Rahul Gandhi represents the “laziest type of politics” of making bizarre allegations and promises without any intention to improve people's lives, Union minister Rajeev Chandrasekhar said on Saturday, days after the Congress leader created a ripple by pitching for caste census and pledged a slew of sops in Karnataka.
He also expressed confidence that the rebellion of some key Bharatiya Janata Party leaders in Karnataka will not come in the way of the incumbent party winning its first-ever majority in the coming assembly polls.
He said state Bharatiya Janata Party leaders have accepted the generational change after the "brave" decision of fielding 74 first-time candidates in the May 10 elections.
The BJP has come to be identified with the state's future, while the Congress and the Janata Dal-Secular symbolise the “lazy, entitled and exploitative” politics of the past, Chandrasekhar, a Rajya Sabha MP from Karnataka, told PTI in an interview.
With Rahul Gandhi making a slew of promises, including allowances for the unemployed and women, and backing demand for caste census, a bid to woo politically important Other Backward Classes (OBC), at a poll rally in Karnataka, Chandrasekhar took a swipe at him questioning the party's track record when it was in power for decades.
Gandhi wants people to forget that his party has ruled for decades, he said.
“It is the laziest type of politics that Rahul Gandhi represents,” the BJP leader said, adding his politics is all about saying something bizarre, and making a few allegations and promises and then going away without having any intention to work hard to improve the lives of people.
“They did nothing for the OBC is when they were in government. Look at all of the work done for the community under the prime minister and the double-engine government in Karnataka. To make promises and disappear is the Congress style," the minister said.
"They have gone and made promises in Punjab, Rajasthan and Chhattisgarh that they never fulfilled,” he claimed.
The BJP leader said that the defection of Lingayat leaders like former chief minister Jagadish Shettar and former deputy chief minister Laxman Savadi will fail to dent the community's support to the party, as he noted the BJP's historical “commitment, recognition and respect” to the leaders from the group.
“One or two leaders, who wanted to put their personal ambition ahead of everybody else and everything else, have gone to the Congress or to the JD-S. If you look at Shettar or Savadi, both leaders enjoyed a long stint with the BJP and always subscribed to its ideology.
“We will find that on May 13 they will not only lose (the election), but whatever respect they have earned over the last several decades as BJP members, they will have lost that as well,” he said.
Asked about the Congress accusing the BJP of insulting Lingayat leaders, he said the opposition party has a history of creating divisions in the state's largest community, believed to be around 17 per cent of the total population.
In the 2018 polls, the then chief minister Siddaramaiah created “propaganda” about Lingayats not being Hindus, he said.
“This is the standing strategy of the Congress to try and divide those people who support our good governance. They've done this before as well. And like they have failed in 2018. They will fail this time as well," he said.
There's support for the BJP among various communities, be it Lingayats, Vokkaligas or Dalits, because of the "work of its government in the state and Prime Minister Narendra Modi's government at the Centre, and this is based on their deep belief in our governance", he said.
Some tweets by Siddaramaiah or some other Congress leader will not affect one or another community's support for the BJP, he said.
“It is not affected if you take away one or two leaders through inducement or whatever.
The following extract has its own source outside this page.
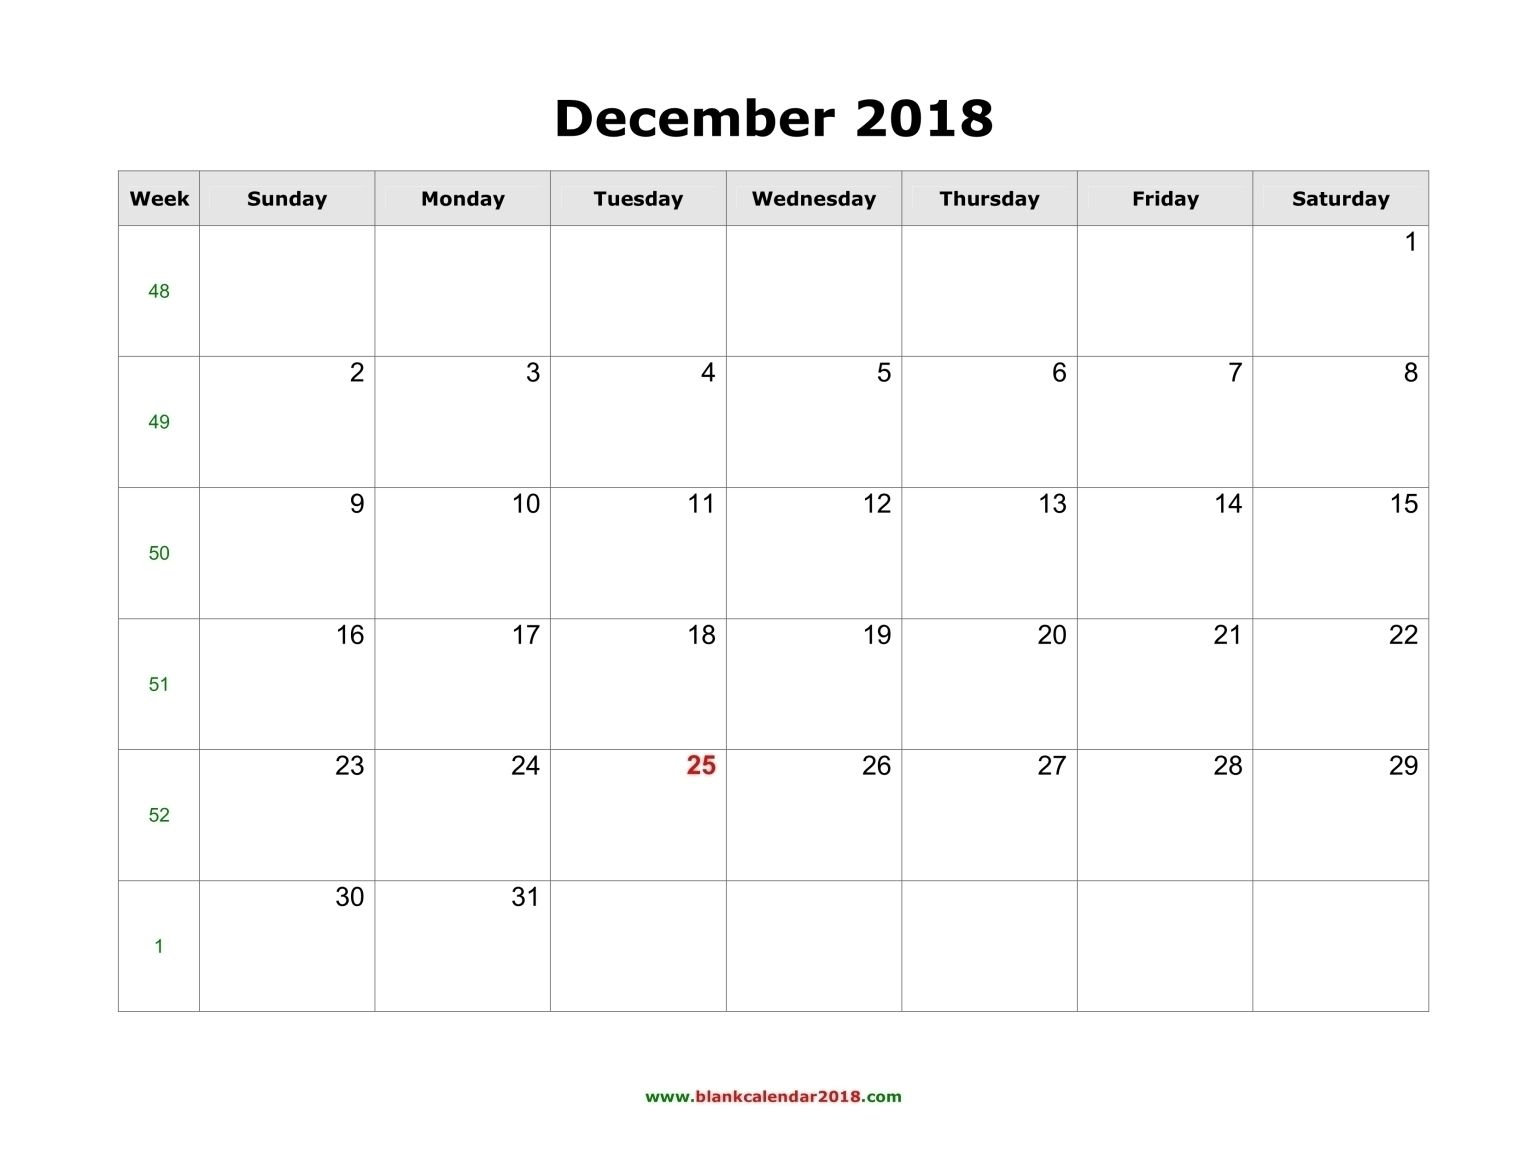 December 2018 Calendar Printable 8X11 | Blank Calendar within Blank Instagram Template 2018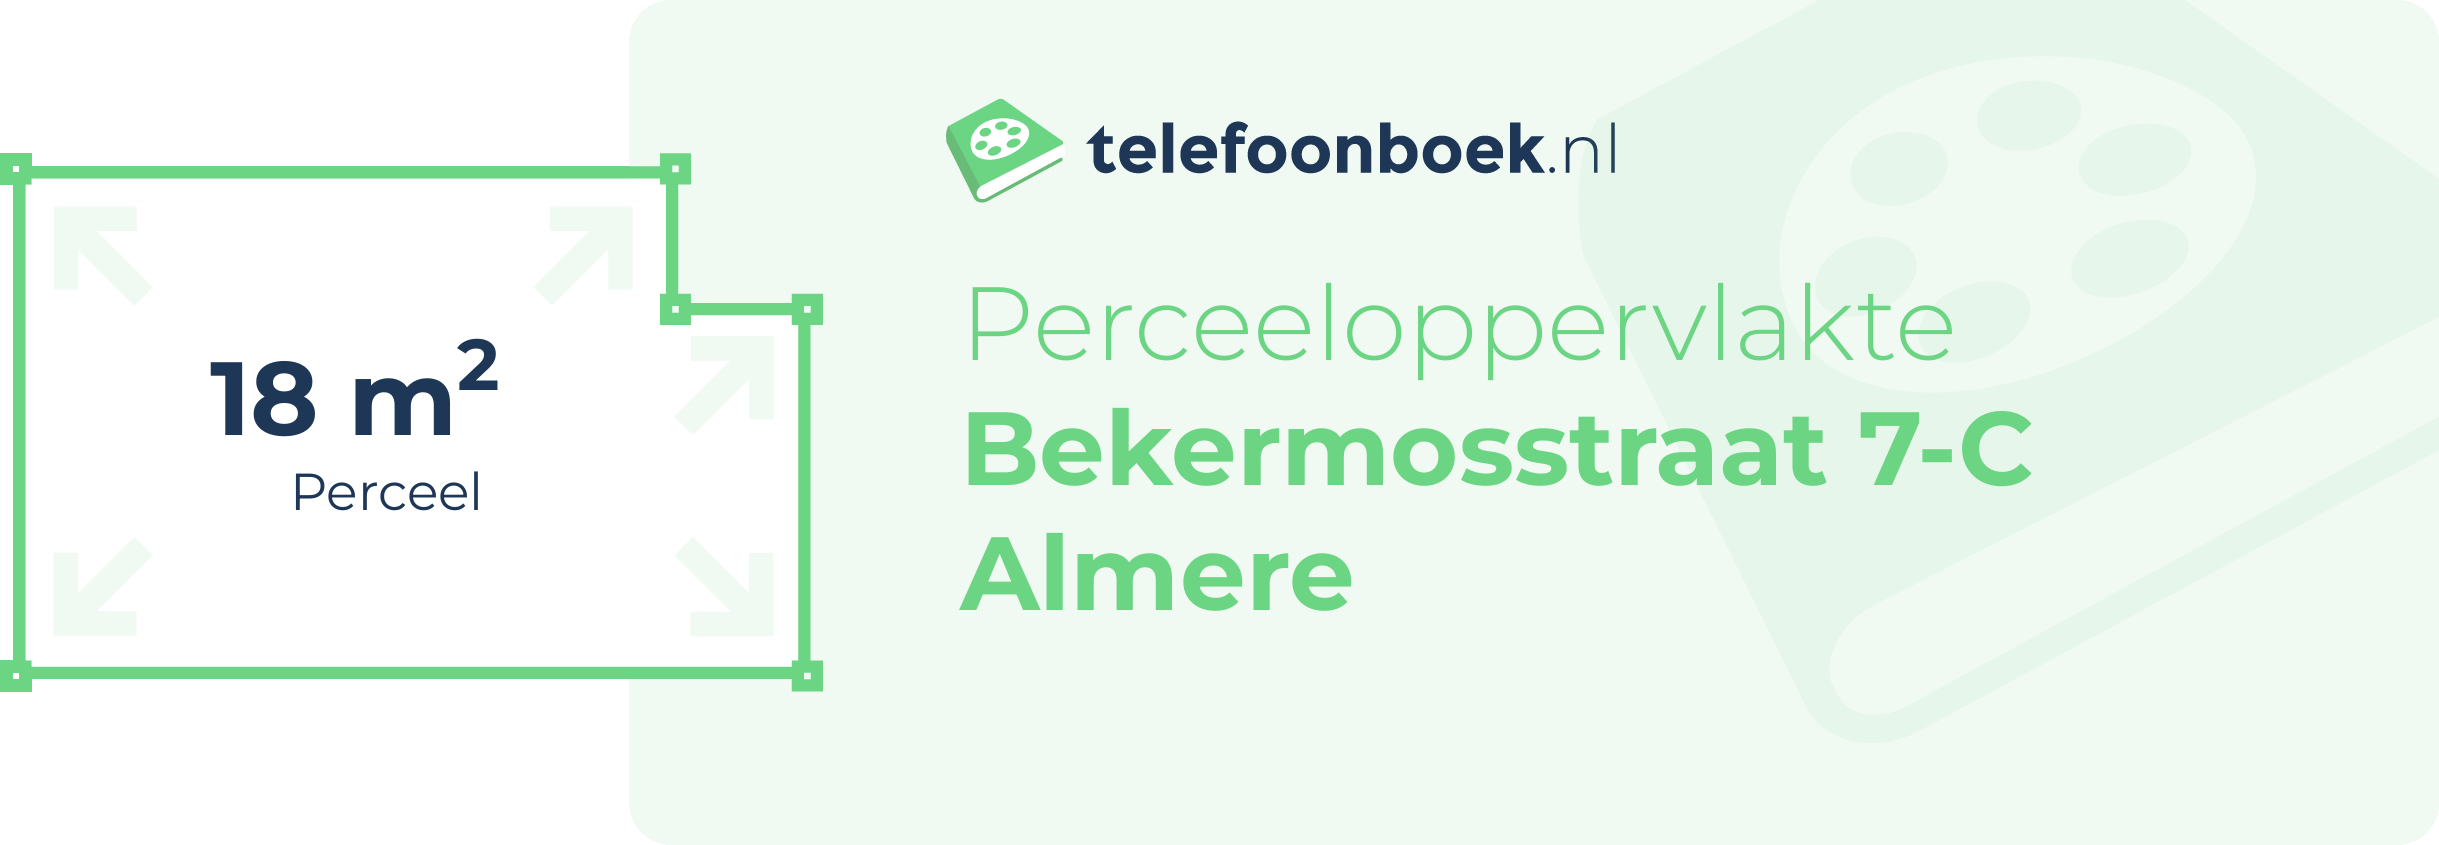 Perceeloppervlakte Bekermosstraat 7-C Almere

The basic support of the community doesn't change because of that,” he said.
The Congress is fighting an existential crisis and is desperate as it knows that a loss in Karnataka will mean that the party will vanish from the state as it has from the rest of south India except Kerala where it has already lost back-to-back elections, he said.
The BJP, the Union minister said, is very clearly positioned to campaign on a pro-incumbency plank about the last three and a half years of its efforts during the "most difficult" time in Karnataka history as it was hit by floods and the COVID-19 pandemic.
Following the hung verdict delivered by the 2018 polls, the Congress and the JD-S joined hands to come to power before the BJP, the single largest party, toppled the government and took the reins of power in 2029 after 17 alliance MLAs quit the assembly and joined the saffron party.
Now the state's economy is not only back on track but it is one of the fastest growing and performing economies, with the government under Chief Minister Basavaraj Bommai delivering on Modi's plank of "maximum governance", he said, citing a slew of schemes for the welfare of various segments of society.
The BJP leadership's decision to field 74 new faces among the total 224 candidates is important and brave as it believes that it is the party for the future of Karnataka, he said.